Have you ever stopped yourself in the course of a day and thought about the sheer volume of words we’re bombarded with? There are words we’re reading on everything from cereal boxes to newspapers to Facebook. Words are pouring into our ears like the summer monsoons from all directions: televisions, cell phones, podcasts, videos, the conversations of our office mates and neighbors, the music we listen to and our own conversations. Add to that the constant chatter going on inside our thoughts, we quite literally live inside a web of words.
Now, have you considered how many of these words are actually chosen and used with care, purpose and intent? Some of the scripts we’re read are carefully constructed by politicians, the media and ad agencies to manipulate our thinking. The authors of the world share their landscape worlds with us through words carefully crafted. But what about the rest; the everyday stuff? How careful are people really when it comes to the words they use? So many of us tend to use words we hear often without really considering what they mean. We just spew what’s trendy or convenient. It’s much akin to verbal littering. Words have power.
According to the Bible, all of existence was manifested with one perfect Word; a single utterance contained the power of ultimate creation. I know no greater example than this for the power behind words.
Eastern traditions call this Word Ohm. In eastern spiritual expression Yogis practice the art of Vak Siddhi. Although considered a minor accomplishment, or siddhi, this practice is undertaken with the greatest sincerity. Vak means speech or voice, so Vak Siddhi literally means accomplishing a pure ability to use words. Attaining mastery of it, the Yogi gains the ability to make changes to the physical material universe. Jesus is said to be one of the Masters who understood this crucial importance and demonstrated his ability in biblical scriptures.
The Yoga Sutras of Patanjali outline the steps necessary to attain this skill as part of the practice of Satya, or the path of truth. Satya is a lifelong journey of knowing, speaking and learning to live life with nothing but truth. Practicing Satya will bring one naturally to Vak Siddhi. The Sutras state using words with honesty, positivity, truthfulness, life-affirming and loving intentions allows the attainment to develop spontaneously. Telling falsehoods and gossiping, talking for the sake of hearing ourselves talk or literally misusing words is said to lessen the power behind them.
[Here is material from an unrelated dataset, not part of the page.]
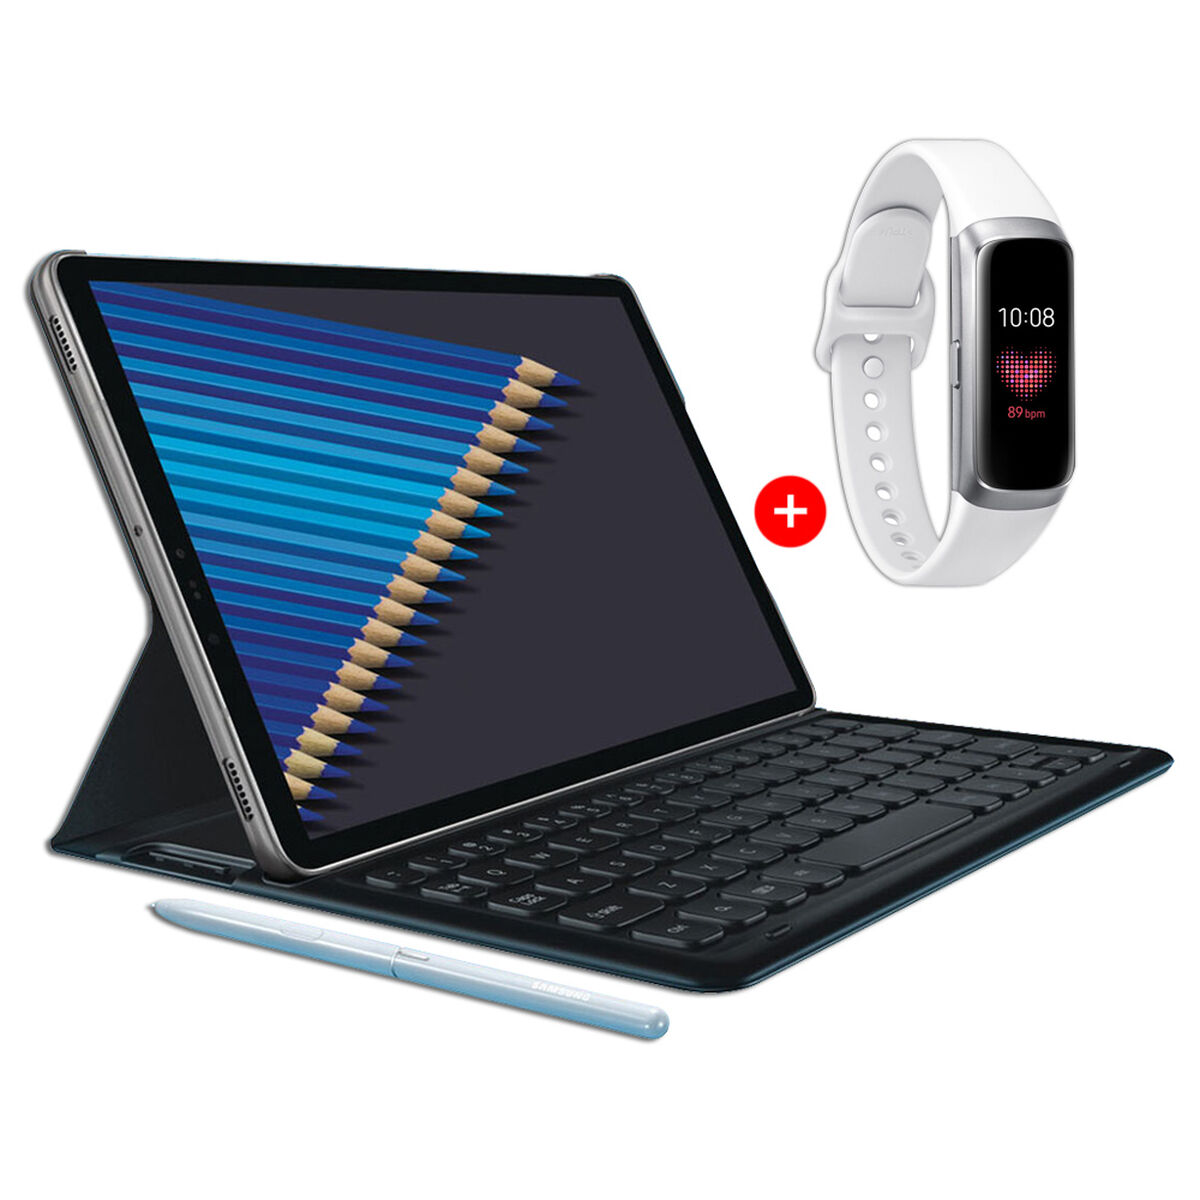 Tablet Samsung Galaxy S4 64GB con Keyboard y S Pen + SmartWatch Samsung Galaxy Fit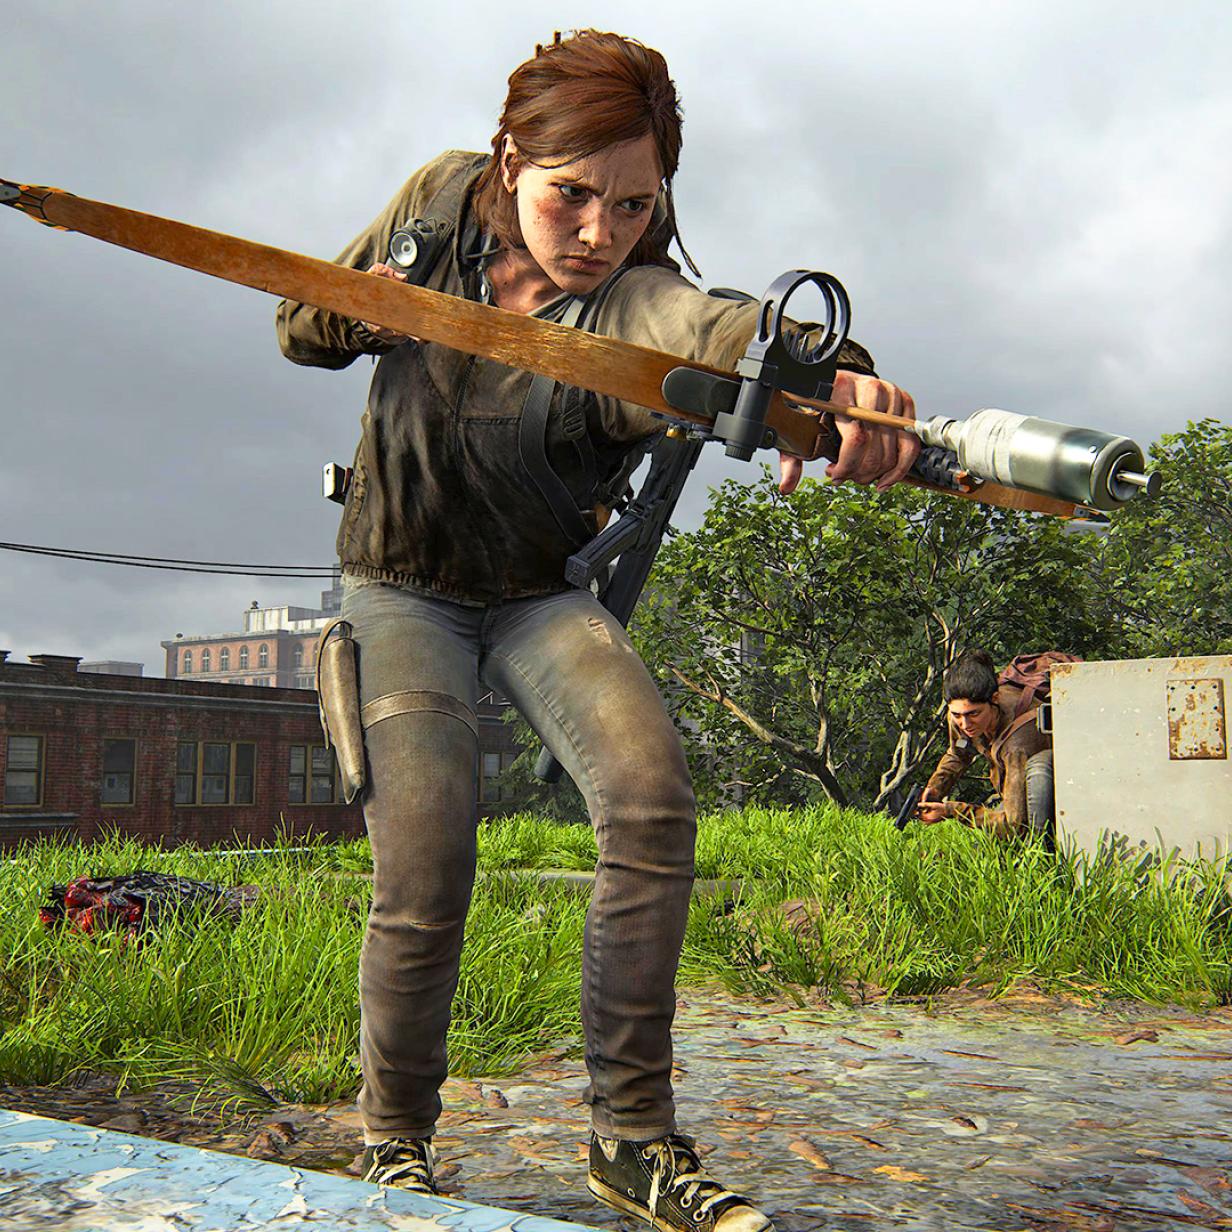 The Last of Us 2: Nach nur drei Jahren kommt ein Remaster, das

I have experienced moments where a turn of phrase literally shakes me. I think we’ve all experienced that. Something suddenly booms through our being like thunder and leaves us changed. Some words we never forget. Words do have power. It might be worth considering how we use or choose to listen to all these words every minute of every day, whether external or internal. They change your world and they also affect someone else’s.
“The word is a force; it is the intent. That is why our intention manifests through the word no matter what language we speak.”